Le son apporte une nouvelle dimension aux images. Rage était plein de hip-hop. Chaque morceau est choisi avec soin et exprime quelque chose. Il contraste avec l’image ou la met en valeur. J’utilise la musique de façon abstraite, pour créer des sensations. Ezra est à 95% des sons graves : le son devient un espace où les images prennent vie. Il touche le spectateur. J’ai tendance à contraster la violence avec de la musique ou des sons qui reflètent la tristesse de la situation. Je ne rajoute jamais une musique violente par-dessus les images car je déteste la violence. Toutefois, je ne peux pas l’ignorer car elle fait partie de notre monde. La bande-son donne le point de vue du réalisateur.
La construction d’Ezra accompagne l’évolution intime de vos personnages. Comment la travaillez-vous ?

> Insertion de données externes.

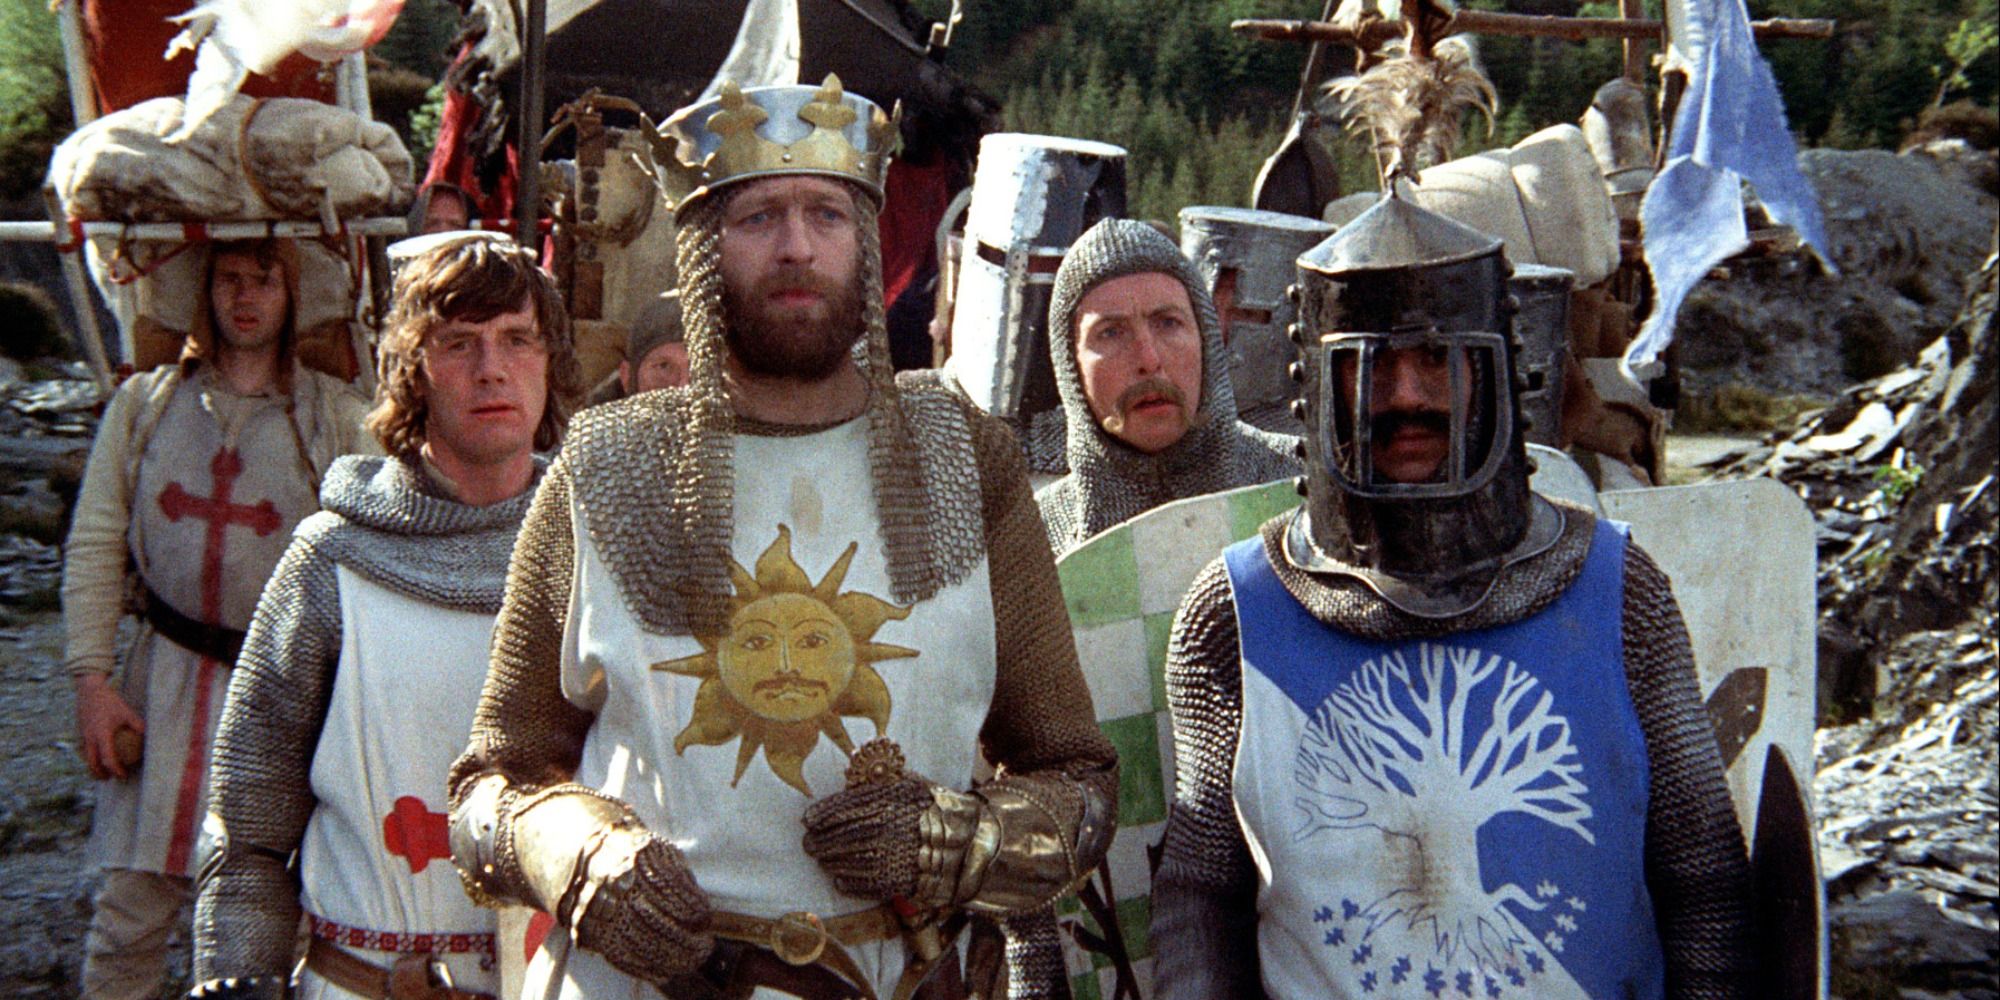 A bunch of knights from Monty Python and the Holy Grail

Une fois de plus, les personnages en sont le moteur. La structure du scénario n’est jamais entièrement gardée au cours du tournage. Les scénarios sont très réfléchis et analysés méticuleusement. Mais quand on arrive sur le plateau de tournage, on interprète le scénario. Il n’est qu’un guide pour les répétitions car nous découvrons de nouvelles choses au fur et à mesure. Il arrive que nous changions l’angle sous lequel on tourne une scène. J’essaie d’apporter de nouvelles choses au scénario, des vraies émotions. Pour le montage, on retourne à l’analyse rigoureuse. Si le scénario ne fonctionne pas, nous pouvons inventer de nouvelles scènes pendant le tournage. Le personnage de Terminator et la mort du jeune garçon ont été créés au cours du tournage. Il manquait quelque chose avant de les inventer.